ASML, a vital entity in the global chip supply chain, supplies extreme ultraviolet lithography machines to major chipmakers such as Nvidia and Taiwan Semiconductor Manufacturing. The company’s third-quarter net sales reached 7.5 billion euros, surpassing expectations. However, net bookings fell short at 2.6 billion euros ($2.83 billion), compared to a consensus estimate of 5.6 billion euros from LSEG.

Following this announcement, ASML’s shares fell by as much as 16% on Tuesday, resulting in over $50 billion in market capitalization loss in just one day, based on CNBC’s calculations using LSEG data. Analysts cited weakness among certain customers, including Intel and Samsung, as reasons for the booking disappointments. Additionally, geopolitical tensions were highlighted as influencing ASML’s 2025 outlook.

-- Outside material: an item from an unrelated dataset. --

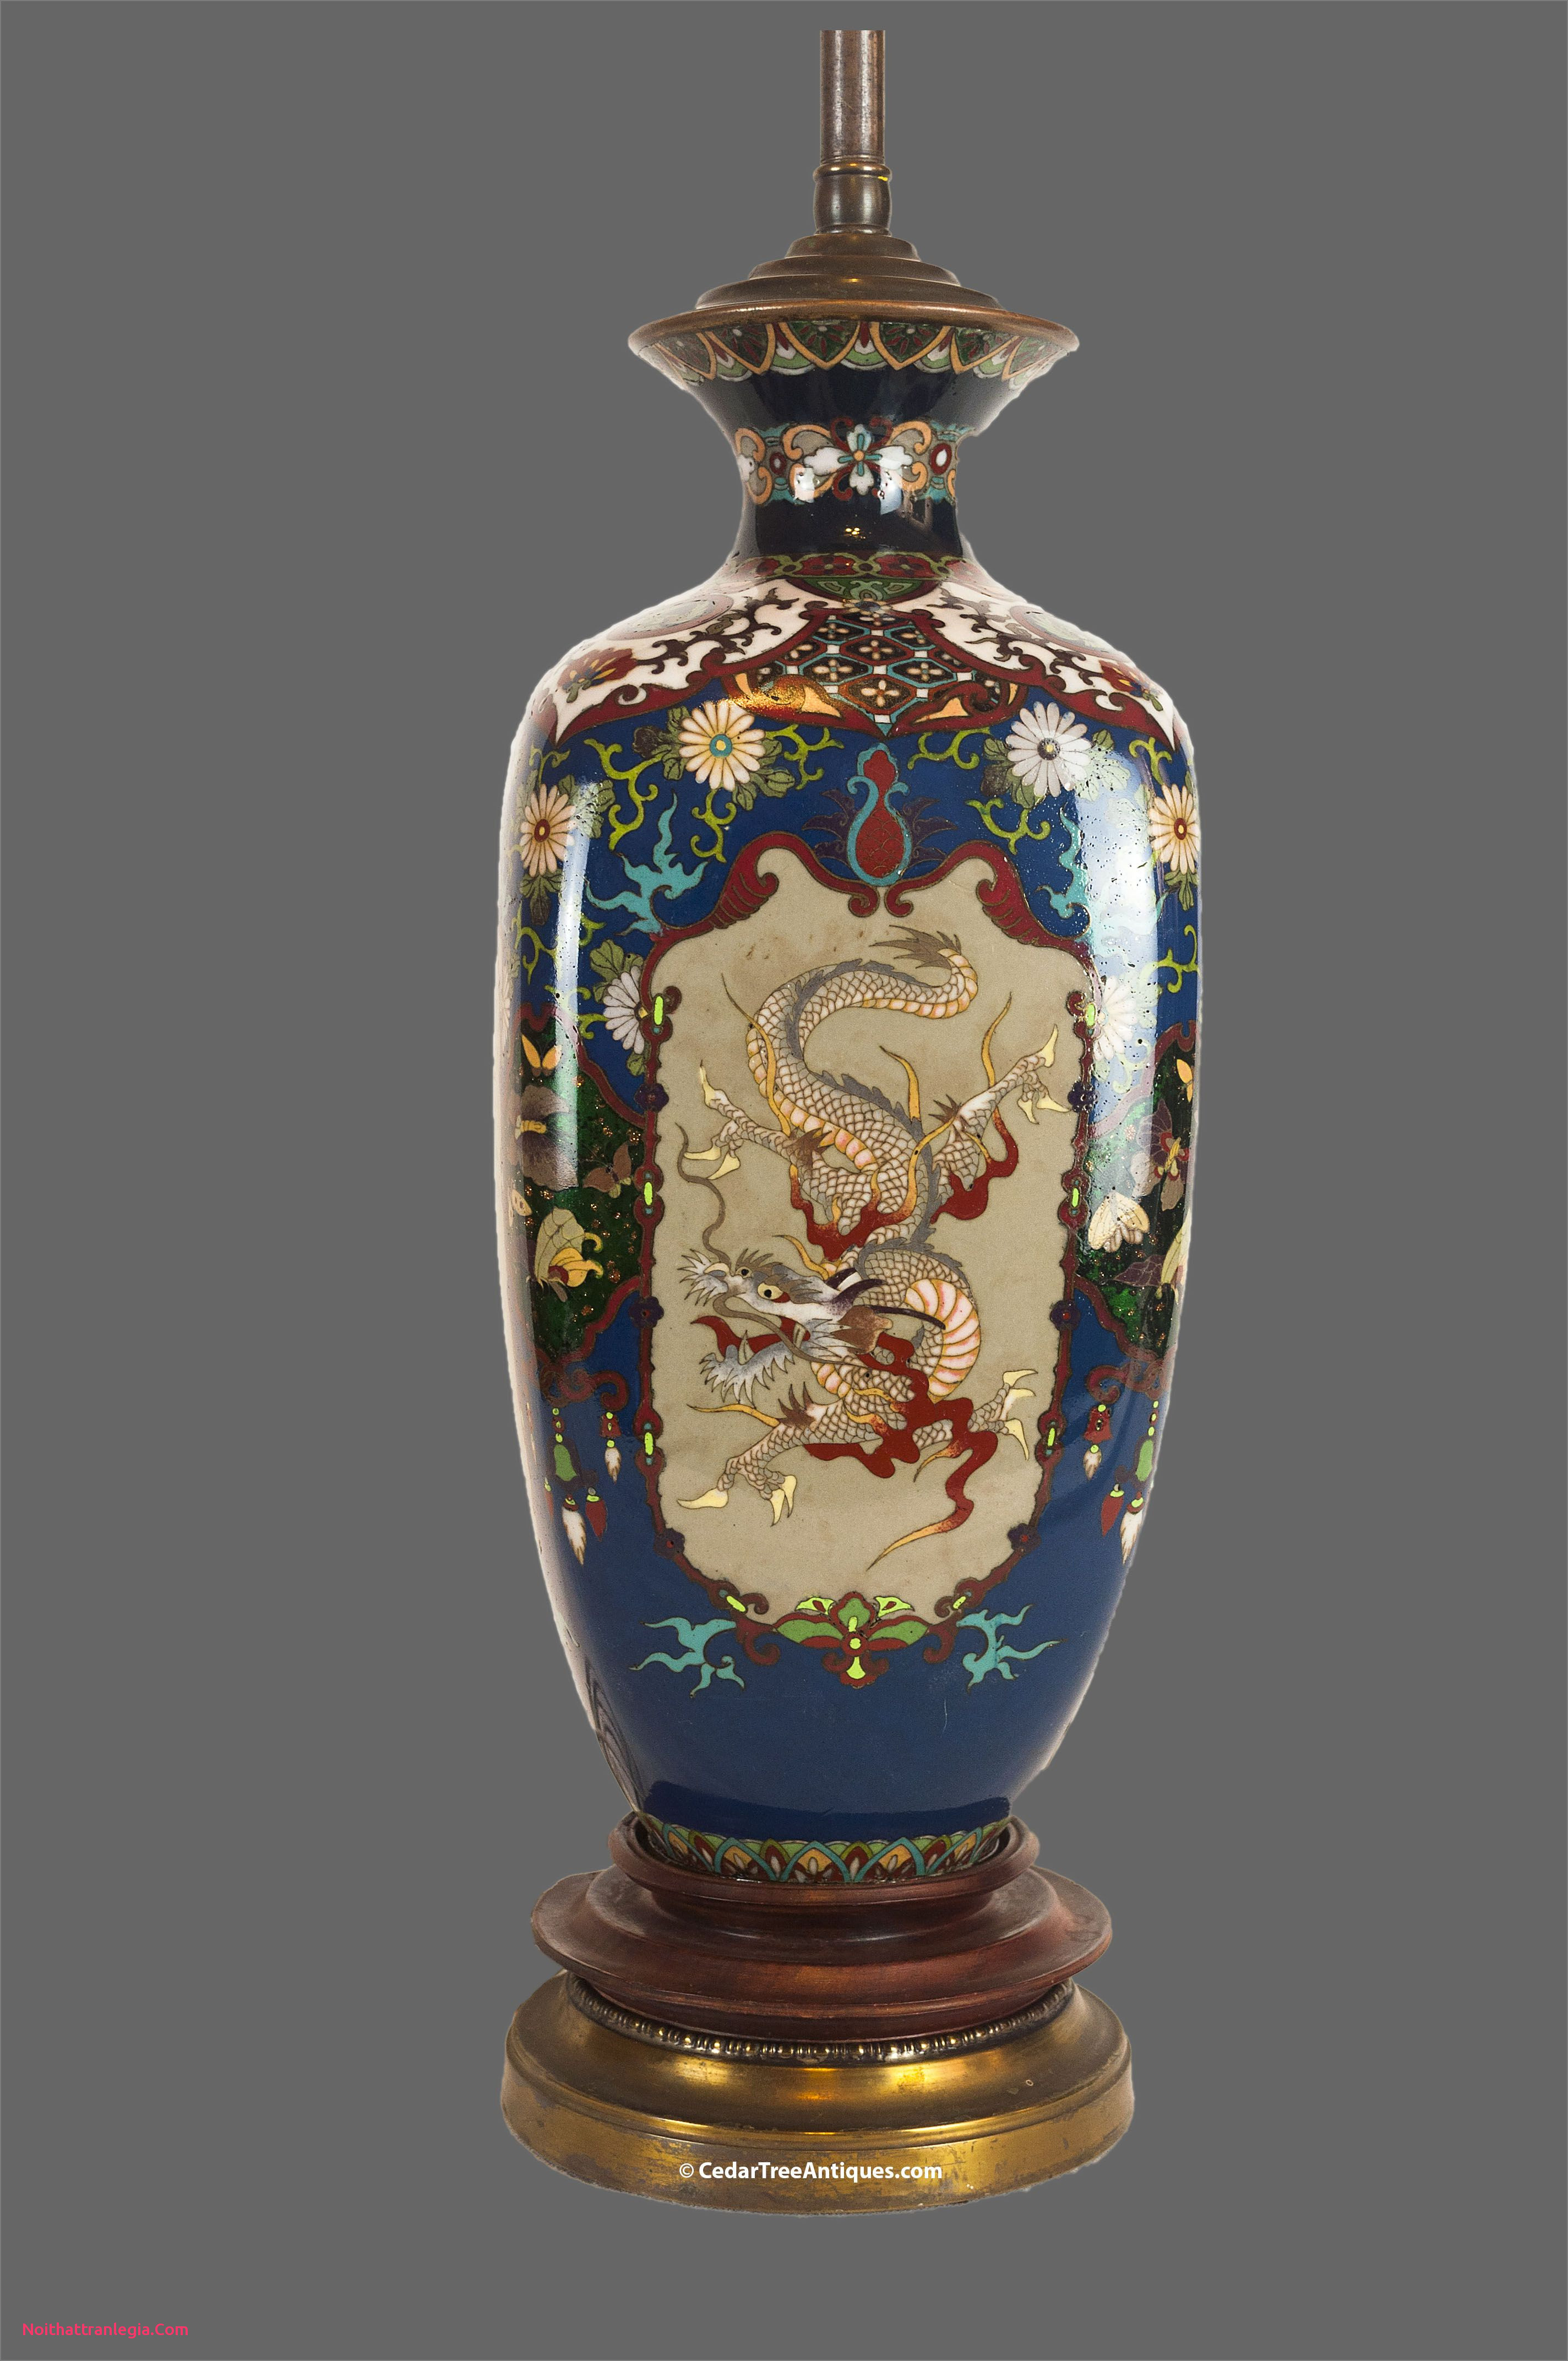 18 Spectacular Old Blue Glass Vases 2024 free download old blue glass vases of 20 chinese antique vase noithattranlegia vases design pertaining to japanese meiji period cloissone dragon vase mounted as a lamp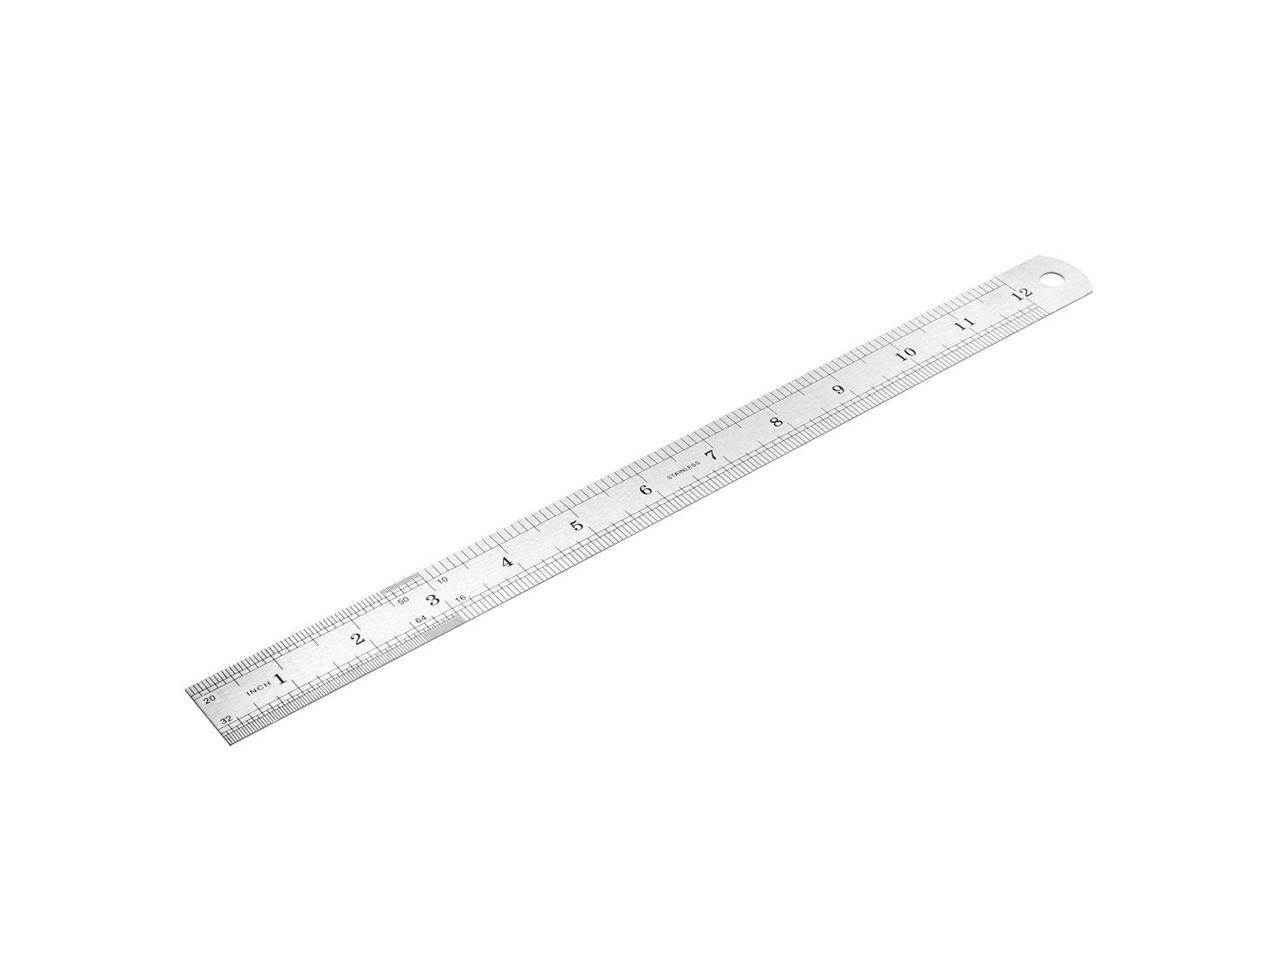 uxcell Geometric Drawing Template Measuring Ruler Plastic 23cm for Drawing Engineering Drafting Building Office Supplies

ASML’s Chief Financial Officer, Roger Dassen, told analysts in a call that sales to China are expected to decline next year. The U.S. export restrictions were noted as a contributing factor to this anticipated reduction. UBS analysts mentioned that the updated guidance points to a 25% to 30% decrease in 2025 China sales, largely due to delays in developing new logic fabrication facilities by Intel and Samsung.

ASML’s Chinese customers have been stockpiling its less advanced machines in response to U.S. export restrictions. The company has not sold its most advanced extreme ultraviolet lithography (EUV) machines to Chinese customers due to existing restrictions but has instead supplied its second-tier deep ultraviolet lithography (DUV) machines, which are crucial for chip production.

Last year, sales from China comprised 29% of ASML’s revenue, but the company expects this to decrease to around 20% by 2025. This prediction comes as Chinese customers increase their purchases in reaction to anticipated restrictions. ASML reported that China accounted for about 49% of its second-quarter sales in 2024.

In September, the Netherlands expanded export controls on advanced chip tools, effectively enabling the government to manage the exportation of ASML’s machines. This move could potentially impair ASML’s ability to maintain the DUV machines sold to China. Chris Miller, an assistant professor at the Fletcher School of Law and Diplomacy, commented on the situation, stating that export restrictions have likely driven China to accelerate its purchase of older DUV tools from ASML.

Analysts from Bank of America have noted a substantial decline in ASML’s China revenues, predicting a 48% decrease year-over-year by 2025. Abishur Prakash, founder of The Geopolitical Business, stated that ASML’s dependency on China is significant and that the firm is likely to see further declines in demand as it faces substantial export control restrictions.